在我看来,最简单的方法是模拟“蓝/绿部署”理念,即启动新版本的Spark工作,让它热身,然后关闭旧工作。 However, with structured streaming & checkpointing, we cannot do this because the new Spark job sees that the latest checkpoint file already exists (from the old job).
但是,使用结构化流和检查点,我们无法做到这一点,因为新的Spark作业看到最新的检查点文件已经存在(来自旧作业)。 I've attached a sample error below.
我在下面附上了一个示例错误。 Does anyone have any thoughts on a potential workaround?
有没有人对潜在的解决方法有任何想法?
I thought about copying over the existing checkpoint directory to another checkpoint directory for the newly created job - while that should work as a workaround (some data might get reprocessed, but our DB should deduplicate), this seems super hacky and something I'd rather not pursue. 我想过将现有的检查点目录复制到新创建的作业的另一个检查点目录 - 虽然这应该作为一种解决方法(一些数据可能会被重新处理,但我们的数据库应该重复删除),这似乎超级hacky和我宁愿不追求。
Caused by: org.apache.hadoop.fs.FileAlreadyExistsException: rename destination /user/checkpoint/job/offsets/3472939 already exists
at org.apache.hadoop.hdfs.server.namenode.FSDirRenameOp.validateOverwrite(FSDirRenameOp.java:520)
at org.apache.hadoop.hdfs.server.namenode.FSDirRenameOp.unprotectedRenameTo(FSDirRenameOp.java:364)
at org.apache.hadoop.hdfs.server.namenode.FSDirRenameOp.renameTo(FSDirRenameOp.java:282)
at org.apache.hadoop.hdfs.server.namenode.FSDirRenameOp.renameToInt(FSDirRenameOp.java:247)
at org.apache.hadoop.hdfs.server.namenode.FSNamesystem.renameTo(FSNamesystem.java:3677)
at org.apache.hadoop.hdfs.server.namenode.NameNodeRpcServer.rename2(NameNodeRpcServer.java:914)
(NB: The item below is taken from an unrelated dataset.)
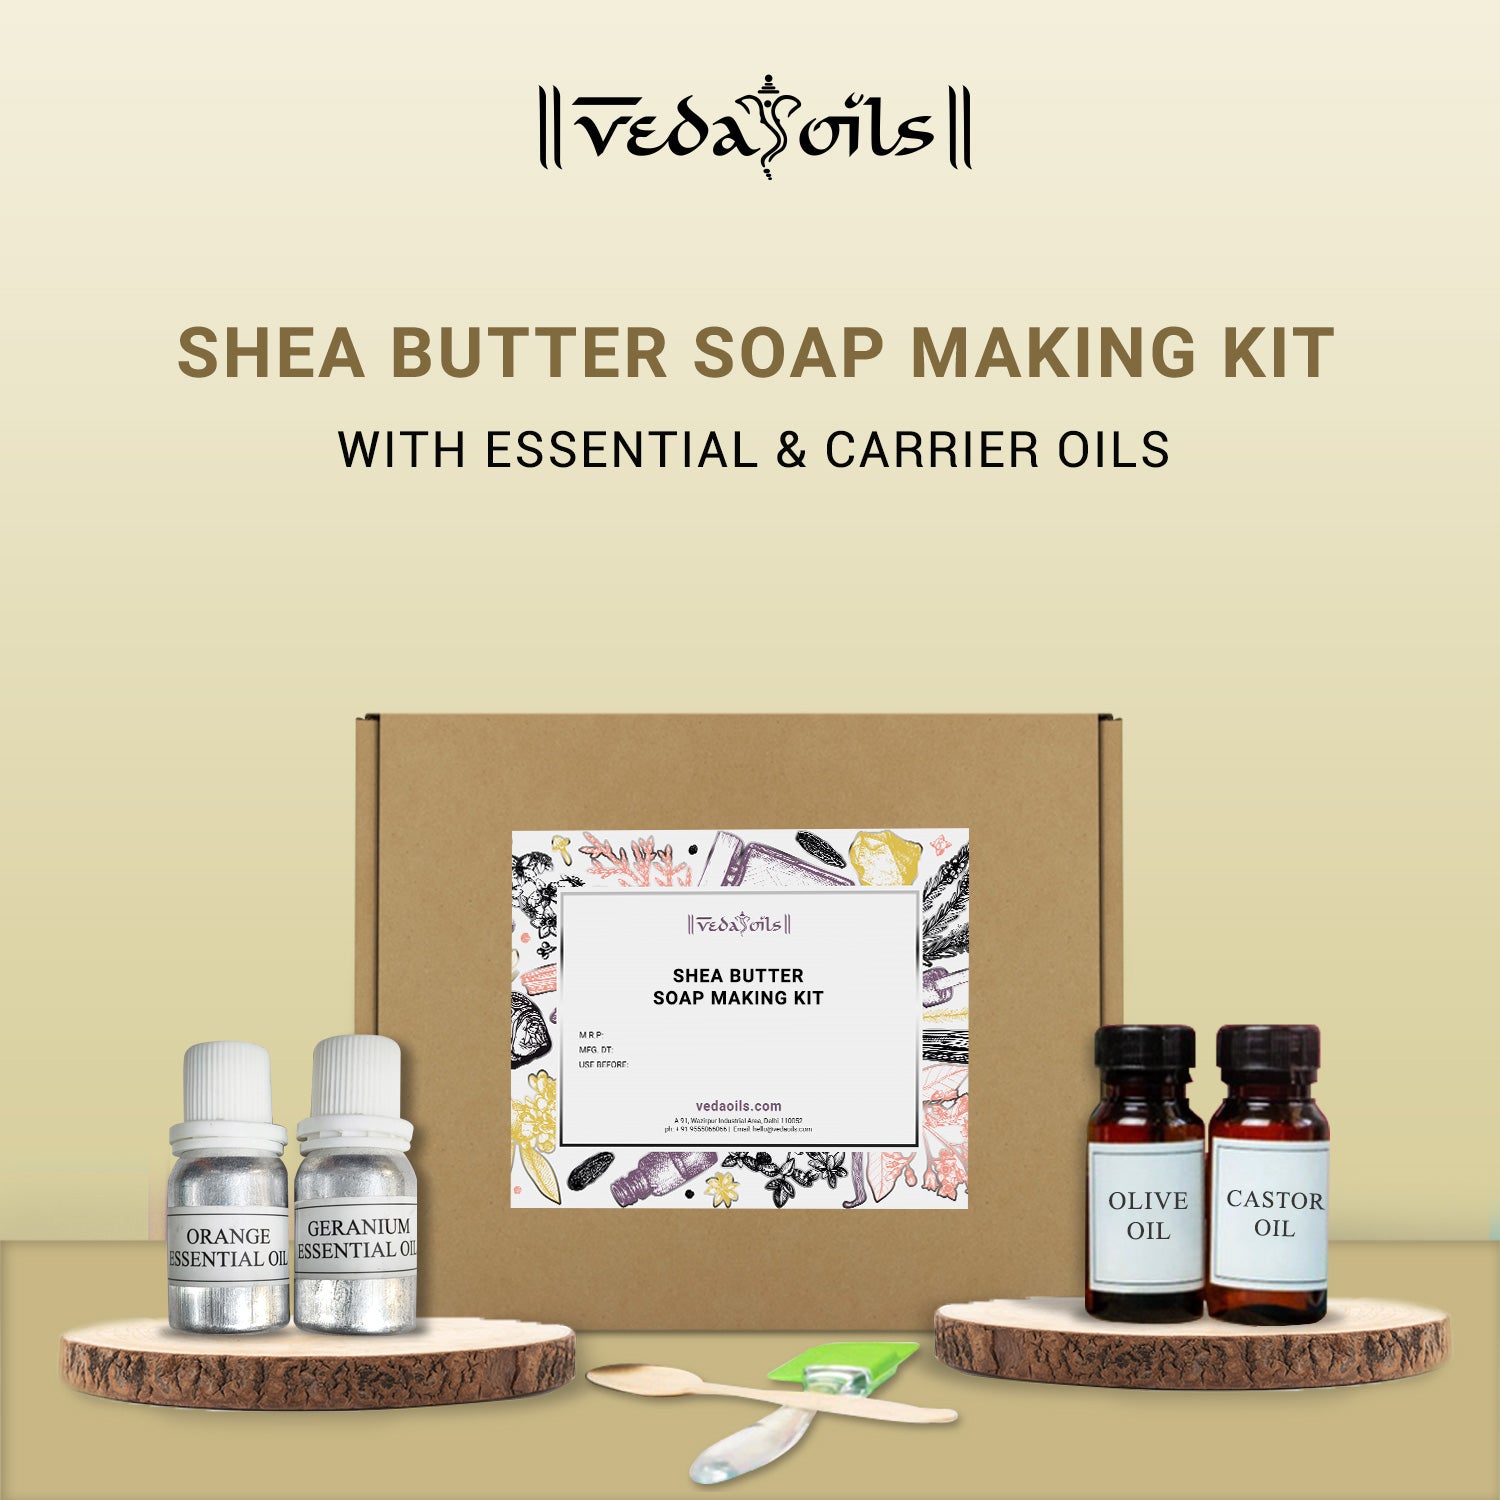 Melt & Pour Natural Shea Butter Soap Making Kit at Rs 1199.00, Craft Kit

at org.apache.hadoop.hdfs.protocolPB.ClientNamenodeProtocolServerSideTranslatorPB.rename2(ClientNamenodeProtocolServerSideTranslatorPB.java:587)
at org.apache.hadoop.hdfs.protocol.proto.ClientNamenodeProtocolProtos$ClientNamenodeProtocol$2.callBlockingMethod(ClientNamenodeProtocolProtos.java)
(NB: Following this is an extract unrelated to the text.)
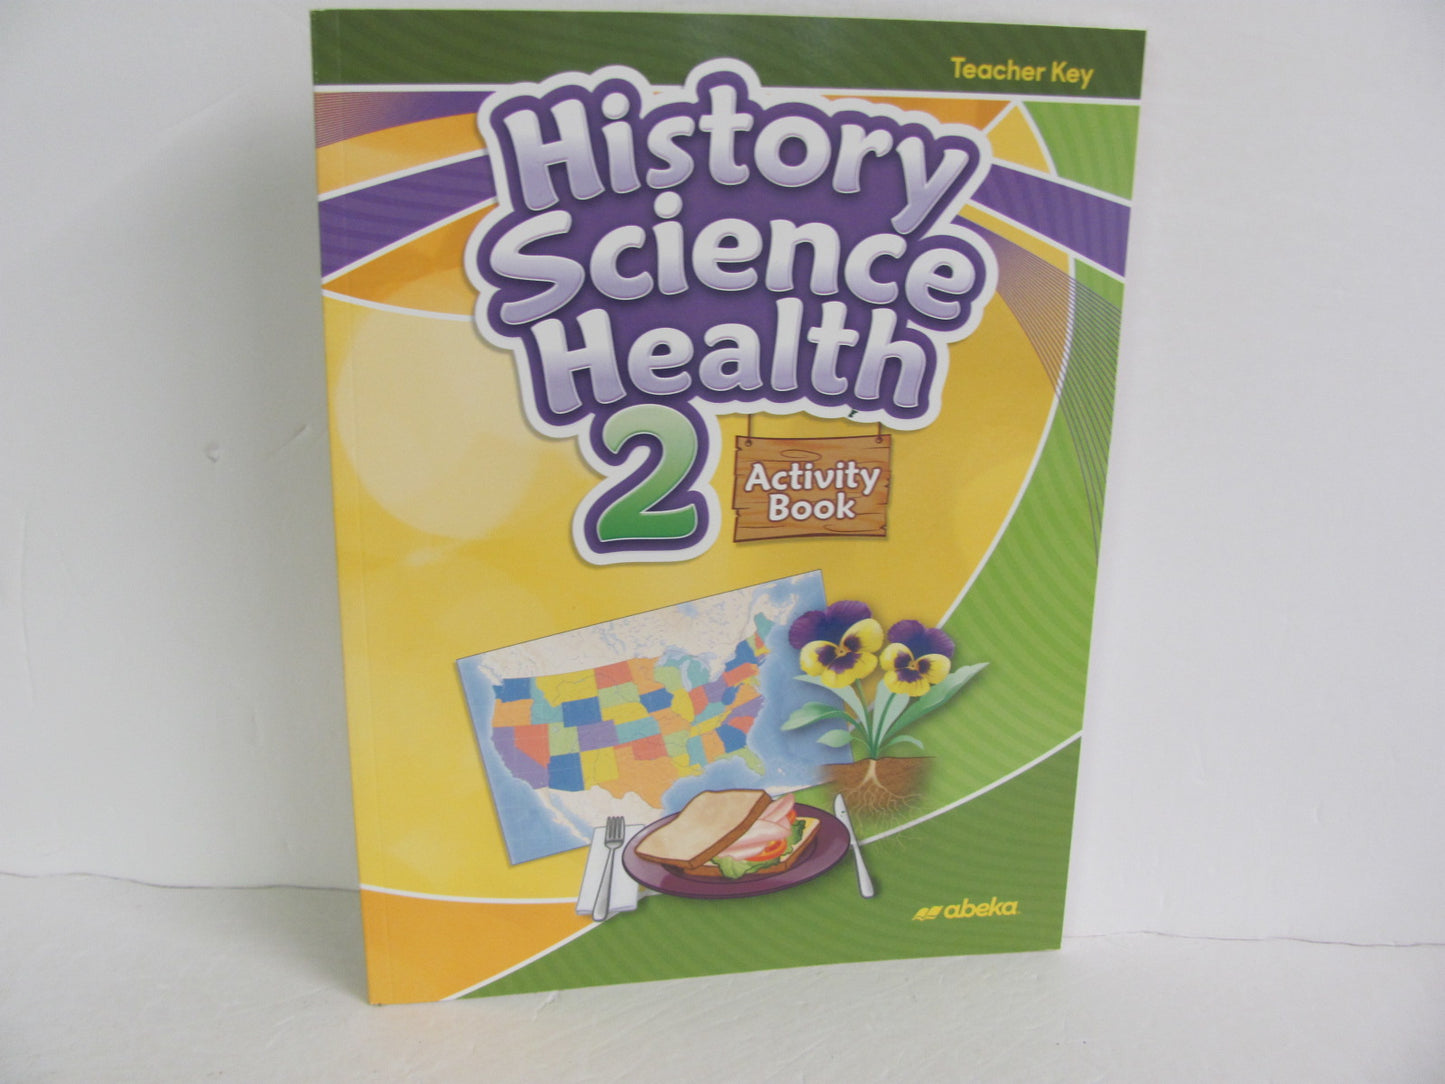 History Science Health Abeka Teacher Key  Pre-Owned 2nd Grade History Textbooks

at org.apache.hadoop.ipc.ProtobufRpcEngine$Server$ProtoBufRpcInvoker.call(ProtobufRpcEngine.java:616)
at org.apache.hadoop.ipc.RPC$Server.call(RPC.java:982)
at org.apache.hadoop.ipc.Server$Handler$1.run(Server.java:2049)
at org.apache.hadoop.ipc.Server$Handler$1.run(Server.java:2045)
at java.security.AccessController.doPrivileged(Native Method)
at javax.security.auth.Subject.doAs(Subject.java:422)
at org.apache.hadoop.security.UserGroupInformation.doAs(UserGroupInformation.java:1698)
at org.apache.hadoop.ipc.Server$Handler.run(Server.java:2045)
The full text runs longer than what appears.